Why? The system stores the discrepancy between the standard and real valuations in the price difference account since equities are valued at standard cost throughout the month. In my example, the post is between the old and new standards since, at the time of Standard Cost Release (00:01 on May 1st), there was no real cost available.

Make sure there is no price difference in this line (PrelinVal = ActualVal).

Well, the position in FI is

so that the usual cost release reached the BSX Stock Account! So have that in mind. Also keep in mind that UMB represents the distinction between the old and new standards; at this time, actual costs are not relevant.

system post UMB WHY? Since stock is valued at normal cost during the month, a revaluation line must be created. UMB is a P&L account in theory if you don’t work with ML (to make up the balance), but in the next steps, it will be cleared.

Ok, let’s examine the following step:

The system calculates an actual cost of 405219 for the ML Close of April 2004. The End stock is valued at its current price.

Verify that the starting stock of P05 valued at actual cost is 7539.4 * 405219, which equals 3055107944. (rounding error; issue since pricing unit is 1, but fear not; there is another history.)

A further clarification is that 7539.4 is the starting stock of per 2005 at the time of ML Close and not at the time of MMPV. Okay, keep in mind that you frequently conduct ML Close on Days 4, 5, and 10 of the “next month,” and on these days, businesses conduct GM on the preceding month. This is actual life!

The column Price dif stores the difference between the beginning stock’s real cost and the new standard cost, exactly as it does with GM, because ML always values stocks and GM during the period at standard cost.

(405219 – 273606) * 7539.4 = 992282868.

Why? since this is how the system is designed. This price difference is how the system determines the actual cost, including the cost of the initial stock, and it will utilise this information at the ML close in May to determine the true cost and update COGS and Stock.

So, what’s going on in FI?

Gosh, Complicated? in fact not!

  • – With UMB ML Close, UMB in Standard Cost Release and UMB created with PP Gr of per 04 posted in month 05 are cleared.
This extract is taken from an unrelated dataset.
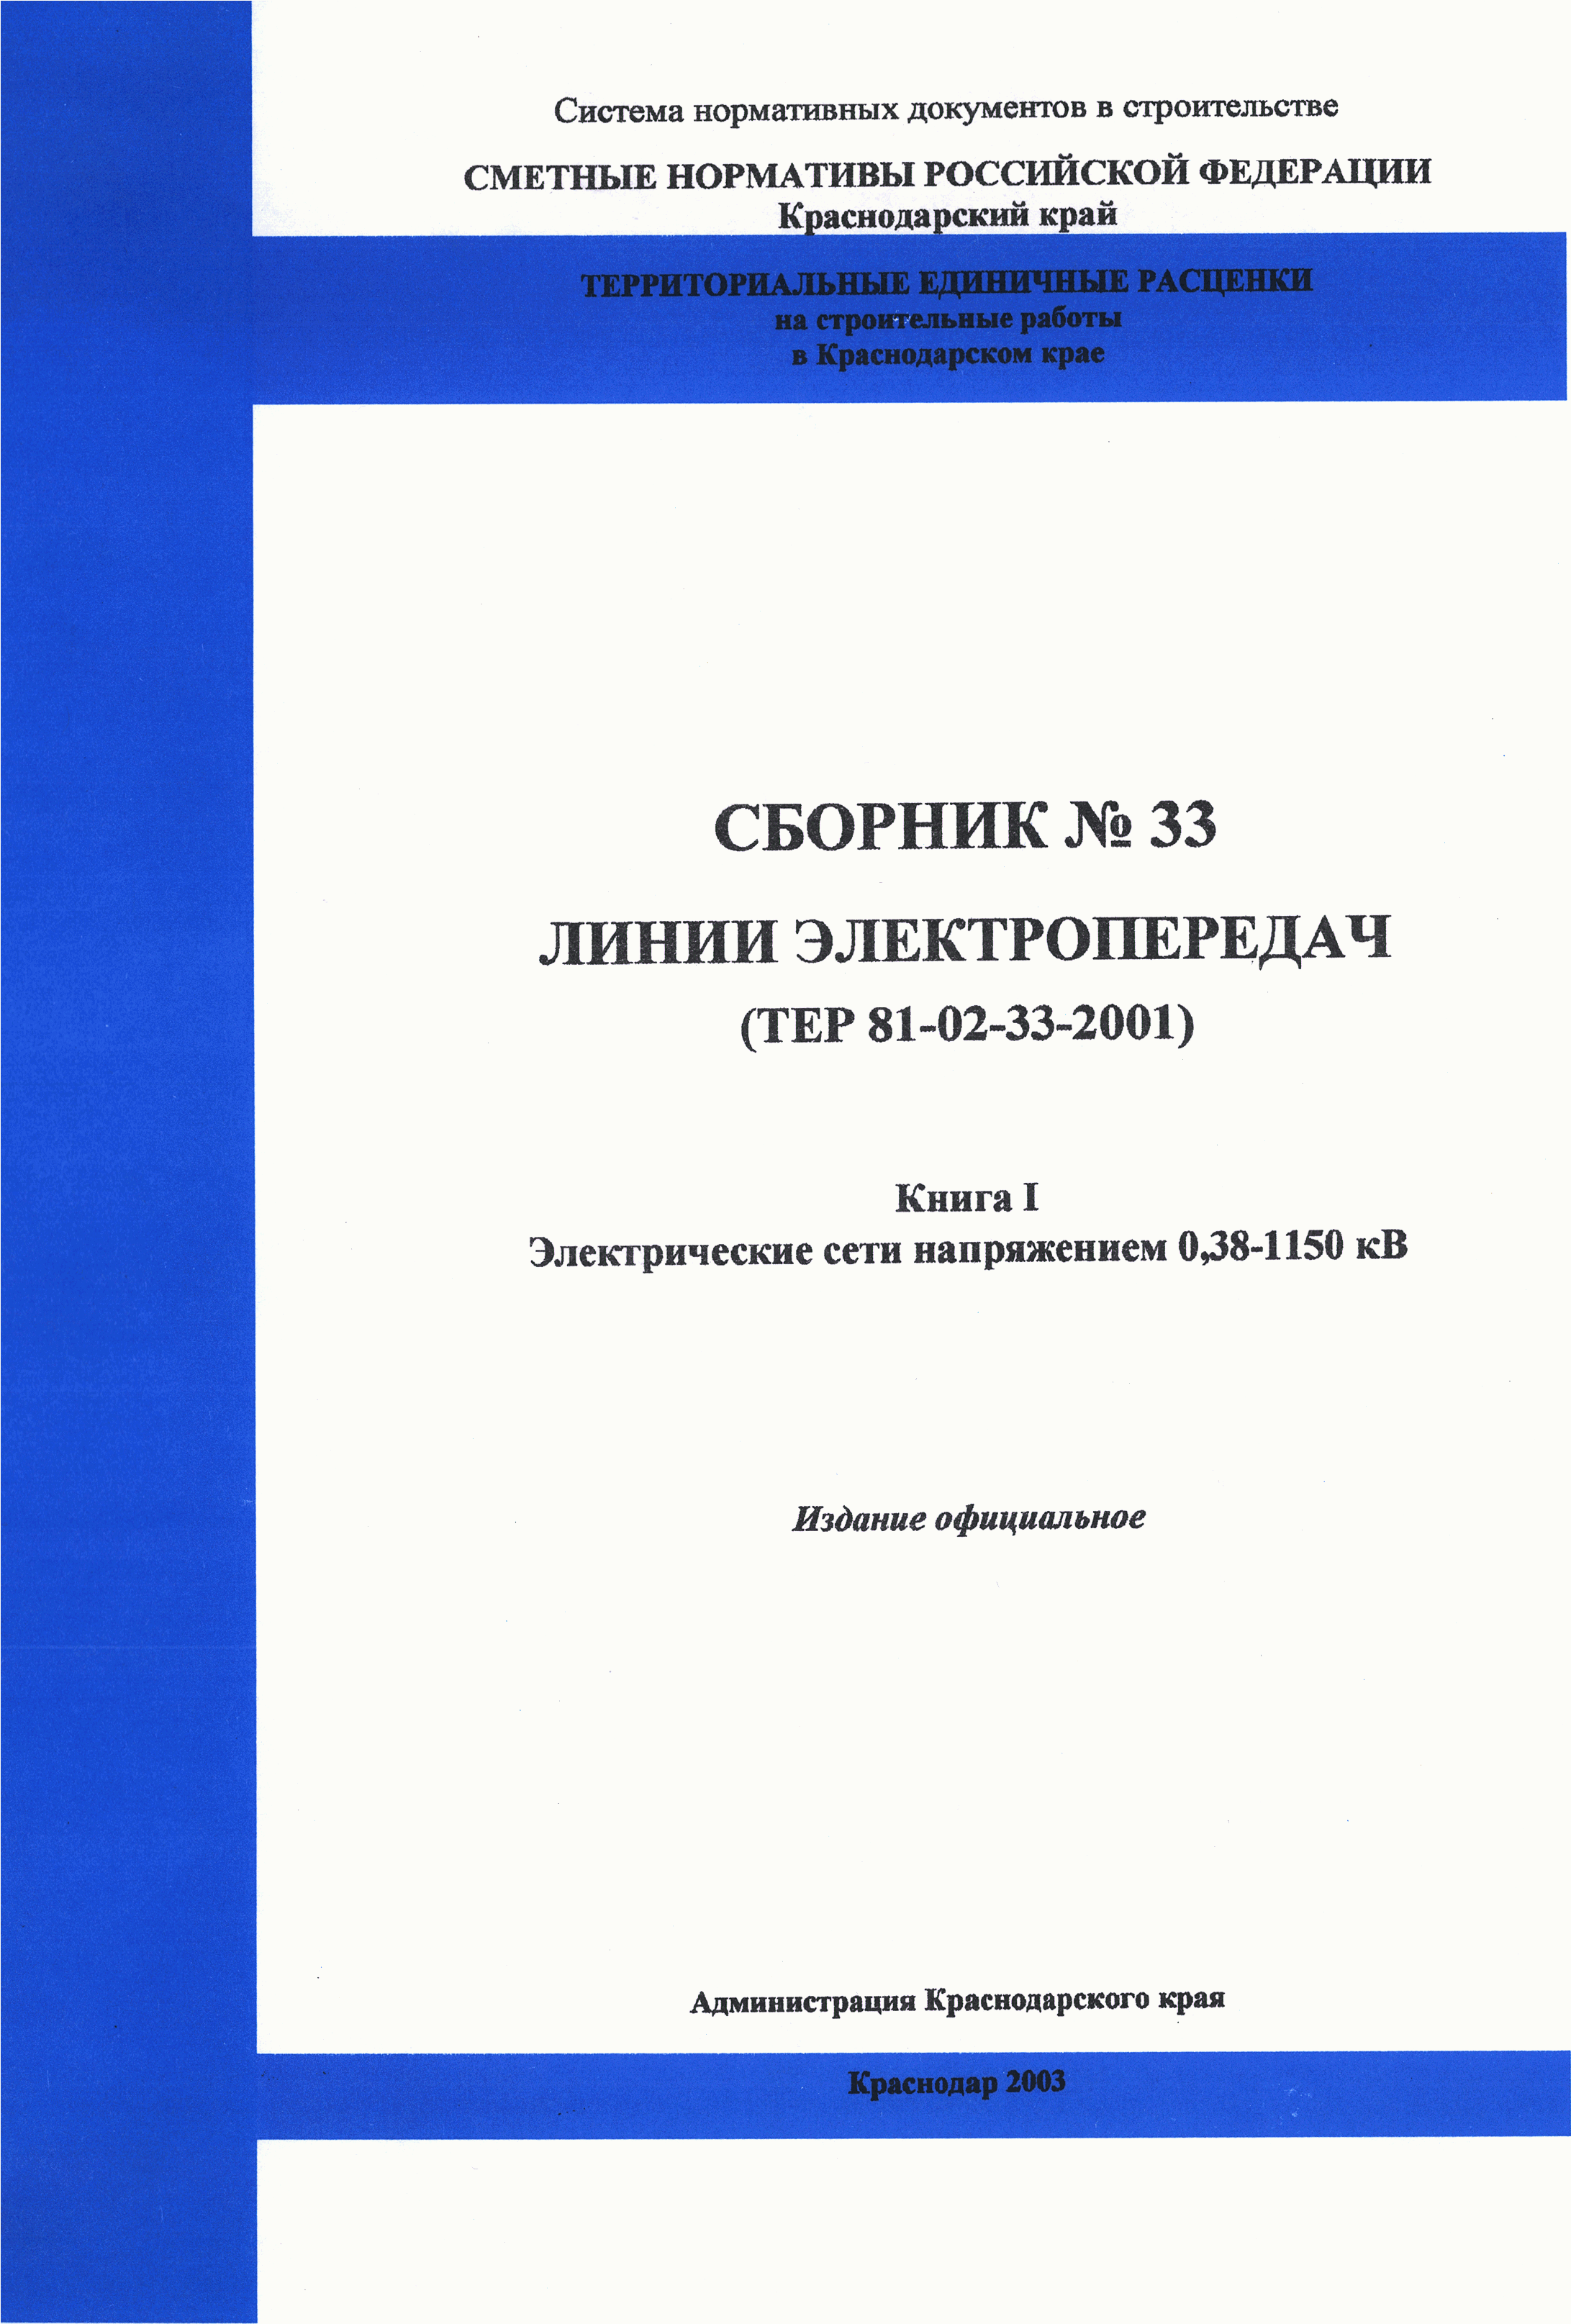 ТЕР Краснодарского края 2001-33

These are the three PP GR.

316546488 + 9250943 + 7726511 + 8538634 = 342062576 Done! Everything matched!

  • Price discrepancy PRY + PRV equals 129,307,185 + 862,975,683 = 992,282,868.
  • – BSX 650220292 reset the stock price to the preceding month’s average. WHY?

Okay, this procedure is challenging. Because it always refers to the prior standard cost, this is how the system effortlessly matches the stock value of the preceding and next month.

The UMB is clear at this point, and all of the funds are in the Price Difference Account (PRY/PRV). As a result, you may see the stock at Standard Cost, Actual Cost, and Price Difference in the CKM3N initial stock line. Also keep in mind that ML Close post BSX, therefore if you check your balance account, it is valued at standard.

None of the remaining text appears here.